| Activity |
The whole listing, pictures aside, should be reproduced exactly.

| Recorded data |
▬▬▬
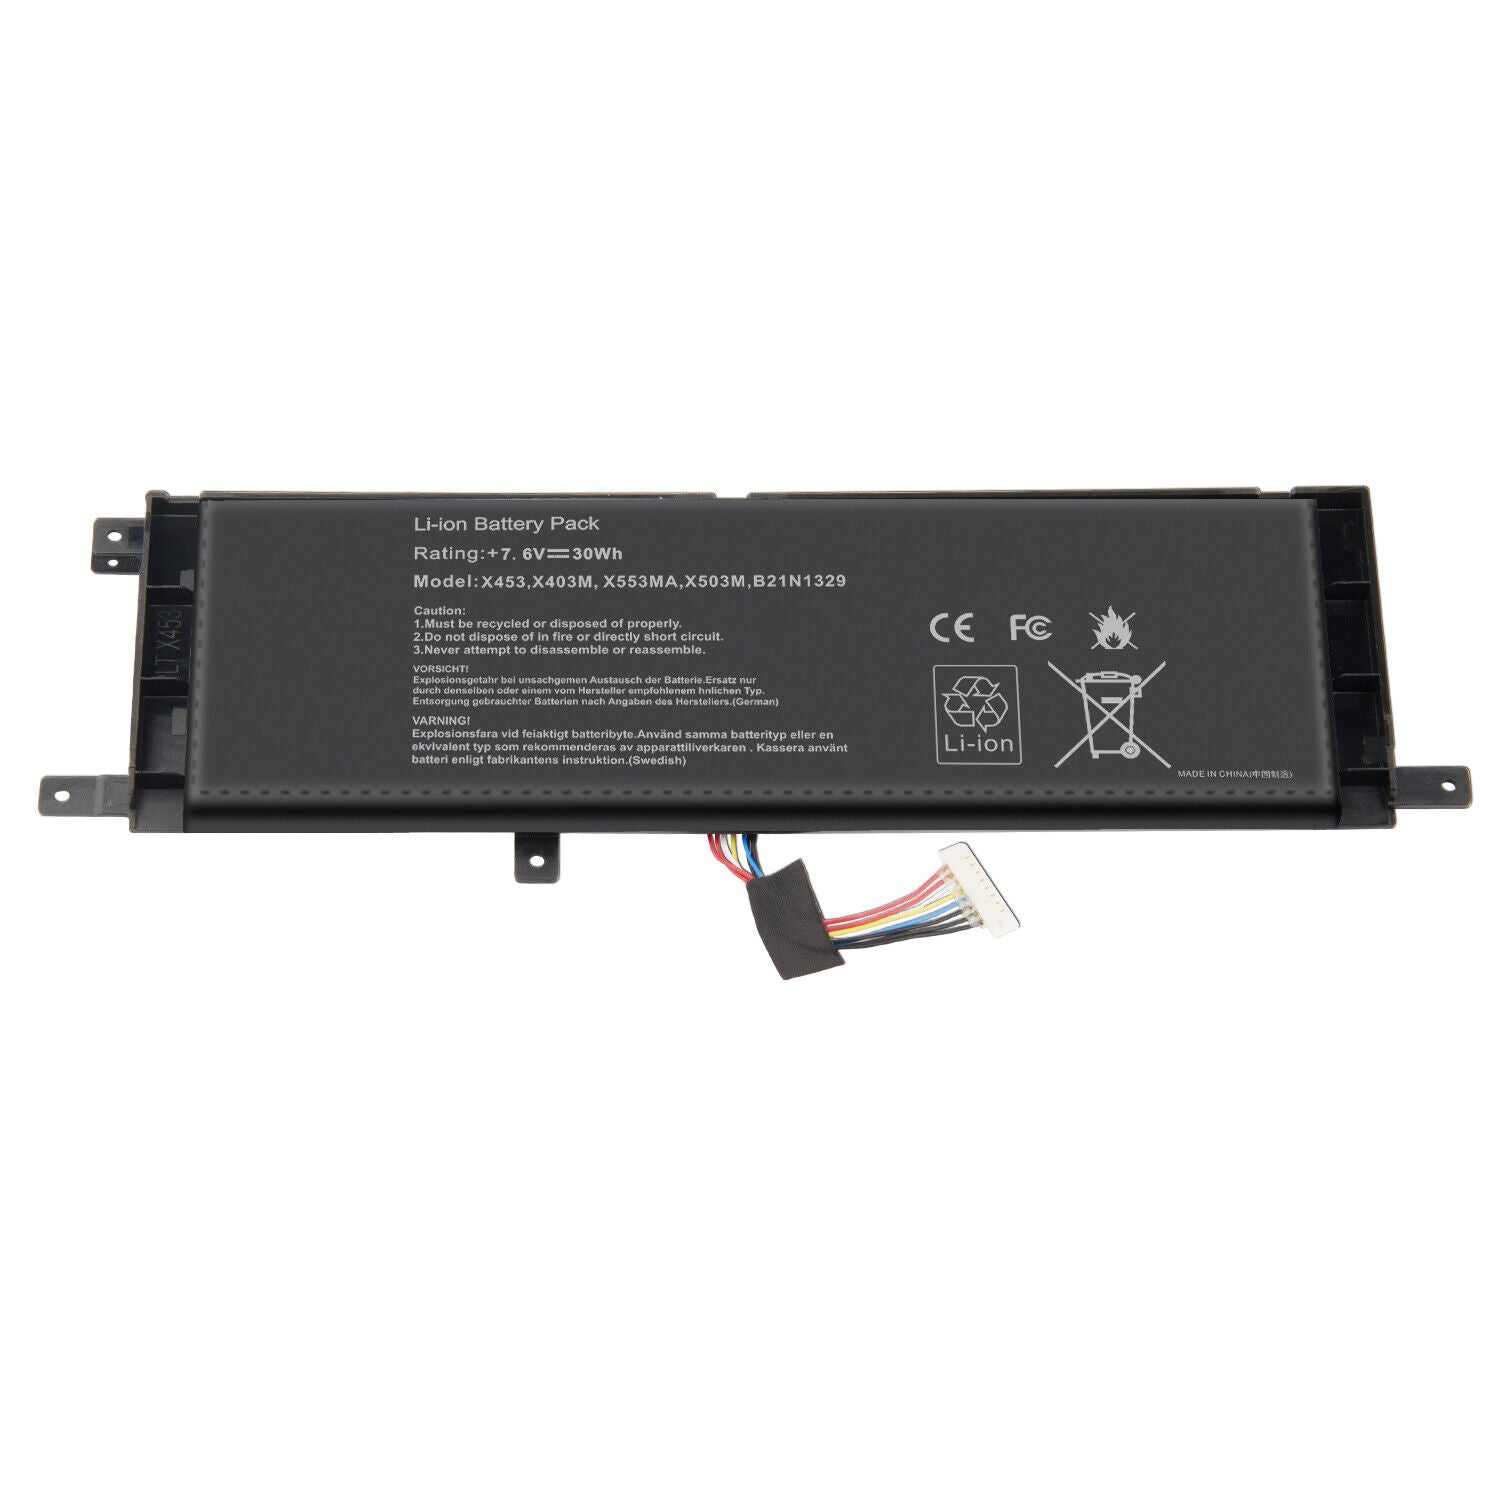 Compatible Battery for ASUS X453 X553MA D553MA F553M F553MA F553SA B21N1329 BAT-ASX453 AU - Office Catch
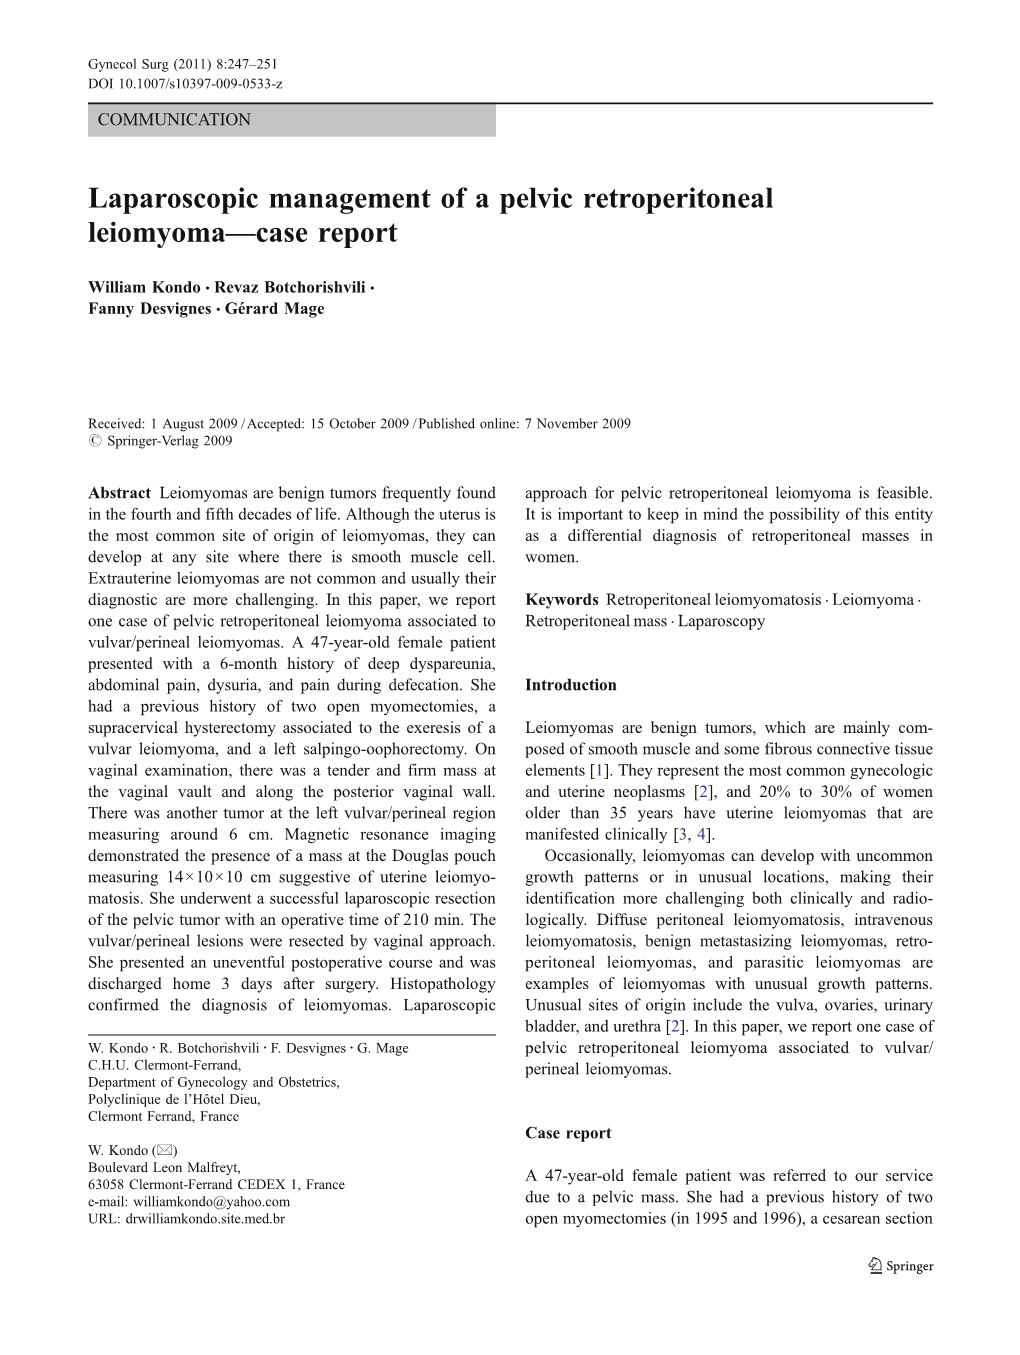 Laparoscopic Management of a Pelvic Retroperitoneal Leiomyoma—Case Report
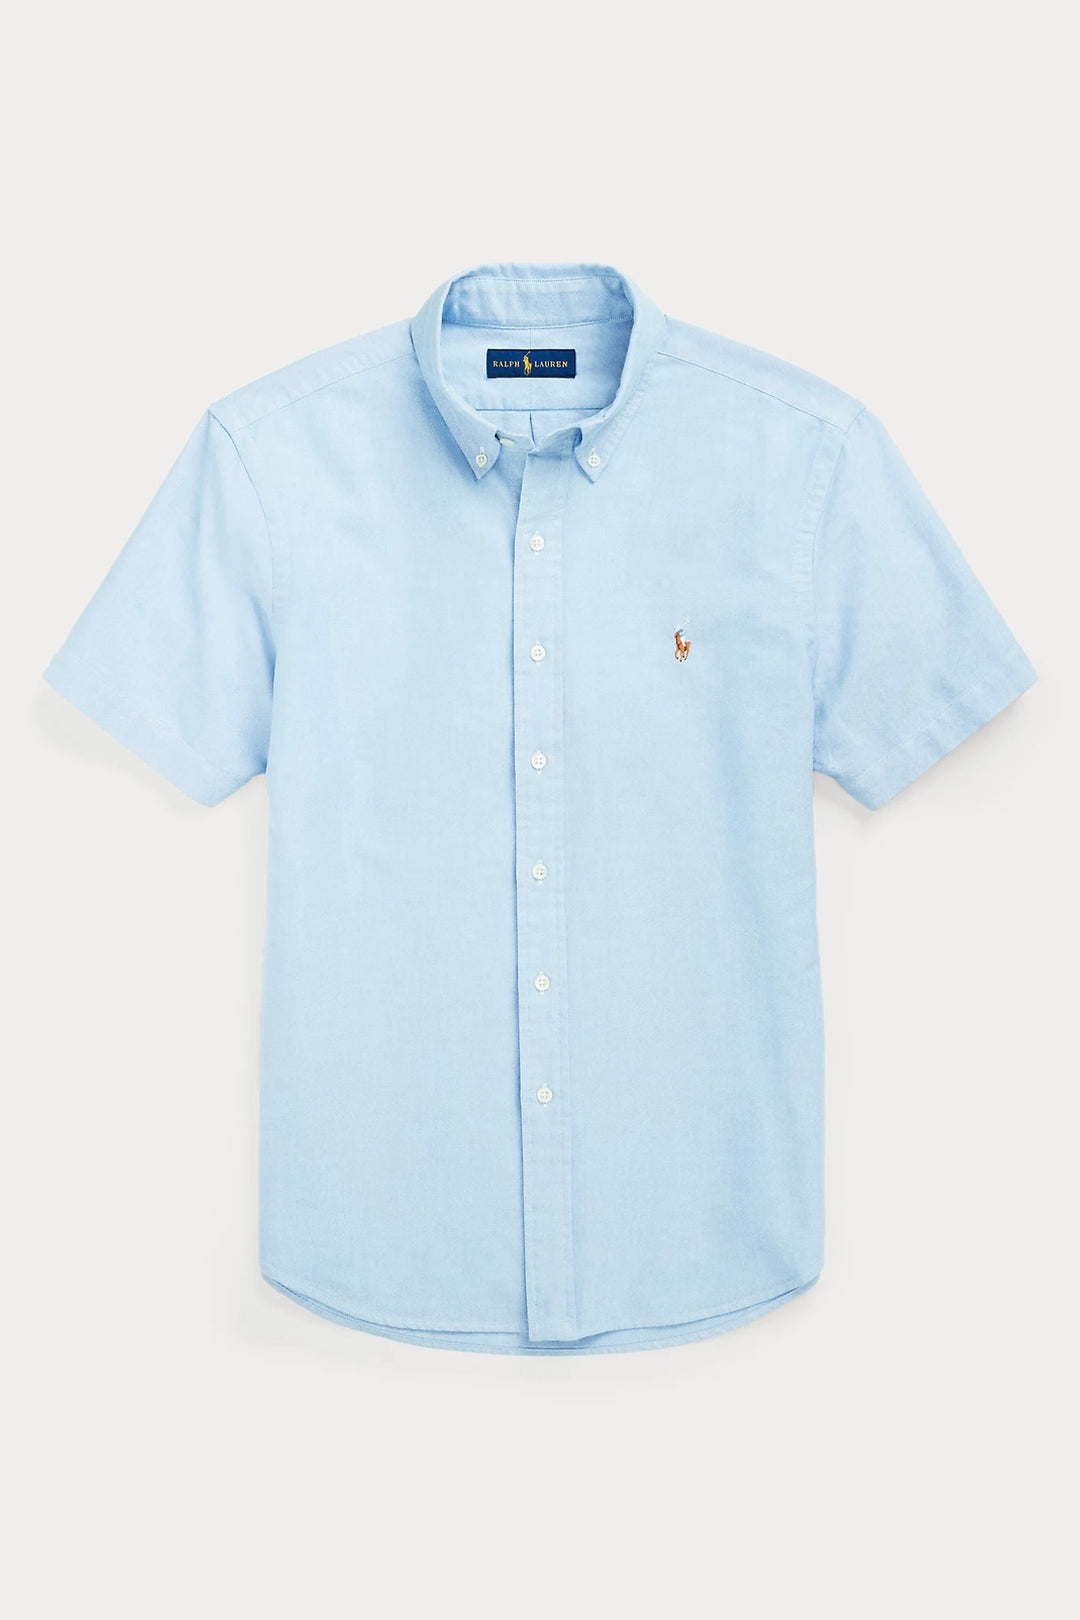 POLO RALPH LAUREN - Custom Fit Oxford Shirt Blue - Dale
▬▬▬
| Solution for this exercise |
 Compatible Battery for ASUS X453 X553MA D553MA F553M F553MA F553SA B21N1329 BAT-ASX453 AU - Office Catch
 Laparoscopic Management of a Pelvic Retroperitoneal Leiomyoma—Case Report
 POLO RALPH LAUREN - Custom Fit Oxford Shirt Blue - Dale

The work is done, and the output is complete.